Maximum Number of Potholes That Can Be Fixed - Video Solutions

Problem Overview: You receive a road represented as a string where potholes appear as consecutive segments. Repairing a segment has a fixed setup overhead plus a cost proportional to the number of potholes fixed. Given a repair budget B, the task is to maximize how many potholes you can repair.

Approach 1: Brute Force Segment Selection (Exponential)

Start by scanning the string and extracting every contiguous pothole segment. Then try all combinations of segments to see which set fits within the budget and produces the highest number of repaired potholes. Each segment repair costs length + 1 due to the setup overhead. This approach quickly becomes infeasible because the number of segment combinations grows exponentially. Time complexity is O(2^k) where k is the number of pothole segments, and space complexity is O(k) for storing segment lengths.

Approach 2: Greedy with Sorting (O(n log n))

First iterate through the string and collect the length of every contiguous pothole segment. Each segment of length k costs k + 1 to repair. The key observation: because every segment has the same extra overhead of +1, repairing smaller segments first gives more potholes per unit budget. Store segment lengths in an array, sort them, and process from smallest to largest. If the remaining budget can cover the full cost k + 1, repair the entire segment and subtract the cost. If not, use the remaining budget to repair as many potholes as possible within that segment (up to budget - 1 because of setup cost). Time complexity is O(n log n) due to sorting, and space complexity is O(n) for storing segment lengths. This approach uses ideas from greedy algorithms and simple sorting.
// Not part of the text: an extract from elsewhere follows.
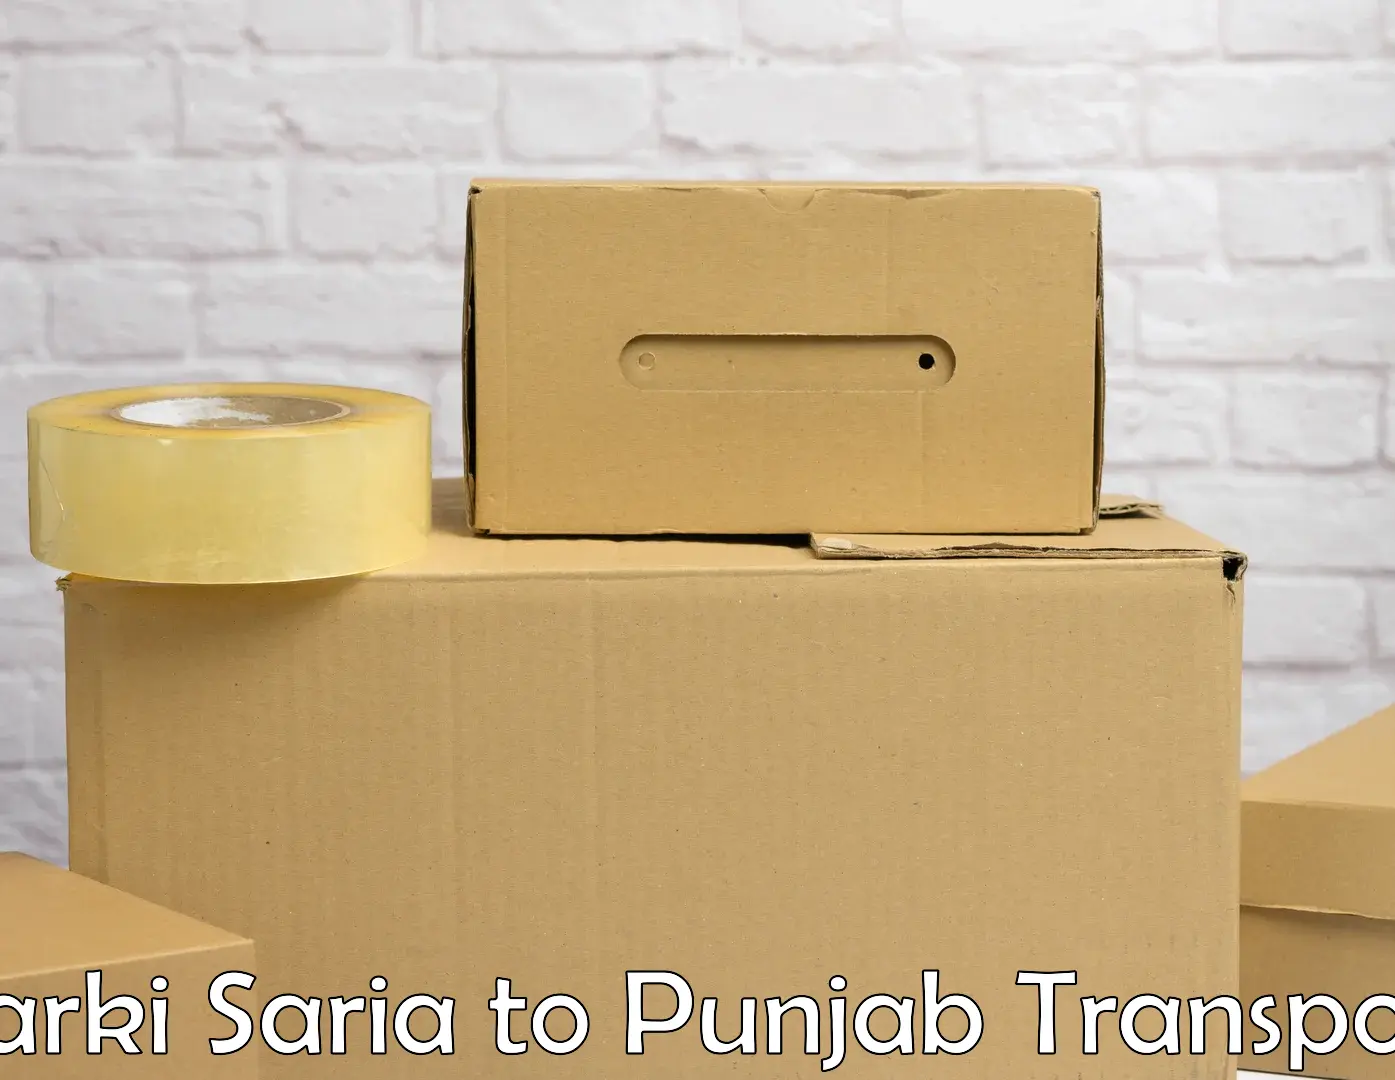 Daily transport service Barki Saria to Sangrur

Approach 3: Counting + Greedy Optimization (O(n))

Sorting can be avoided by counting segment lengths while scanning the road. Instead of storing every segment and sorting later, track them in frequency buckets keyed by length. Then iterate from the smallest length upward and greedily spend the budget repairing segments. This preserves the same greedy insight but reduces sorting overhead. The scan to detect segments takes O(n) time, and processing bucket counts also takes linear time relative to possible segment lengths. Space complexity remains O(n). This solution combines string traversal with a greedy cost allocation strategy.

Recommended for interviews: The greedy segment strategy with sorting is the expected answer. It shows you can convert a string parsing problem into a cost optimization problem and apply a greedy ordering. Mentioning the brute force approach demonstrates problem exploration, but the sorted greedy solution shows the optimization interviewers look for.